Fast Computation of the Discrete Fourier Transform Rectangular Index Coefficients
Abstract
In~\cite{sic-magazine-2025}, the authors show that the square index coefficients (SICs) of the \(N\)-point discrete Fourier transform (DFT) -- that is, the coefficients \(X_{k\sqrt{N}}\) for \(k = 0, 1, \ldots, \sqrt{N} - 1\) -- can be losslessly compressed from \(N\) to \(\sqrt{N}\) points, thereby accelerating the computation of these specific DFT coefficients accordingly.

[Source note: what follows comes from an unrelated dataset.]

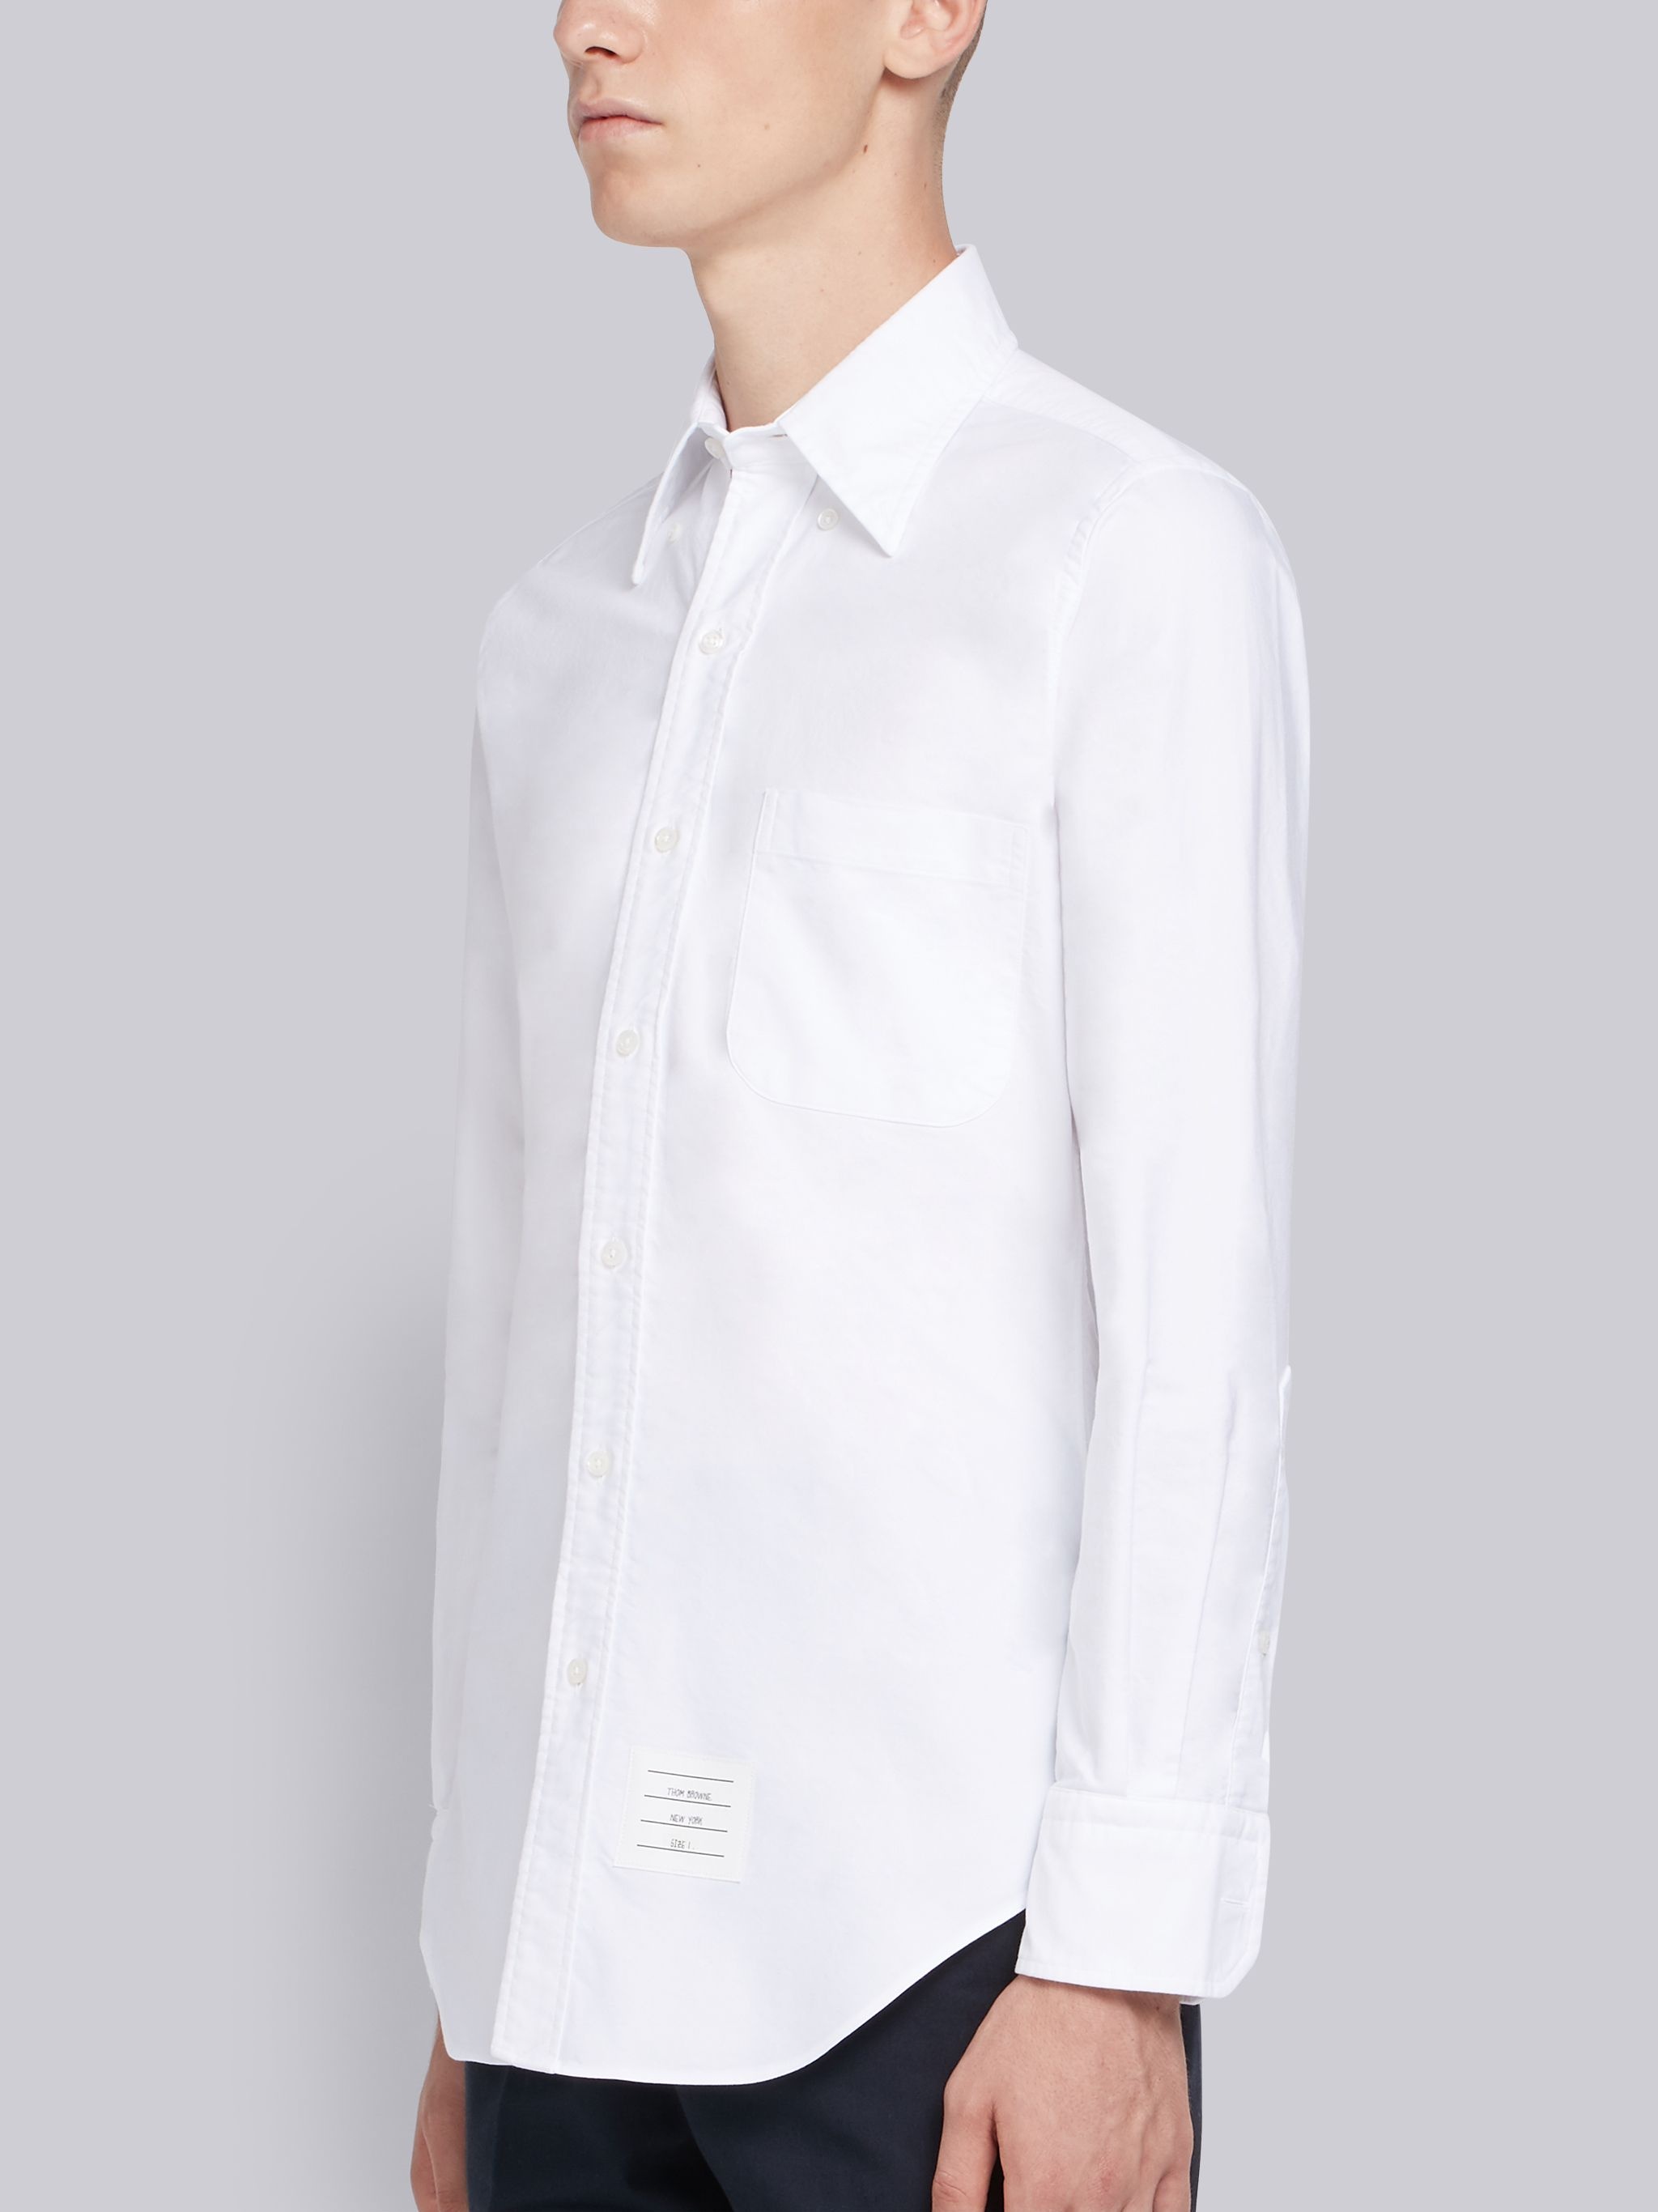 White Cotton Oxford Grosgrain Placket Shirt - 5

Following up on that, in this article we generalize SICs into what we refer to as rectangular index coefficients (RICs) of the DFT, formalized as $X_{kL}, k=0,1,\cdots,C-1$, in which the integers $C$ and $L$ are generic roots of $N$ such that $N=LC$. We present an algorithm to compress the $N$-point input signal $\mathbf{x}$ into a $C$-point signal $\mathbf{\hat{x}}$ at the expense of $\mathcal{O}(N)$ complex sums and no complex multiplication. We show that a DFT on $\mathbf{\hat{x}}$ is equivalent to a DFT on the RICs of $\mathbf{x}$. In cases where specific frequencies of \(\mathbf{x}\) are of interest -- as in harmonic analysis -- one can conveniently adjust the signal parameters (e.g., frequency resolution) to align the RICs with those frequencies, and use the proposed algorithm to compute them significantly faster. If $N$ is a power of two -- as required by the fast Fourier transform (FFT) algorithm -- then $C$ can be any power of two in the range $[2, N/2]$ and one can use our algorithm along with FFT to compute all RICs in $\mathcal{O}(C\log C)$ time complexity.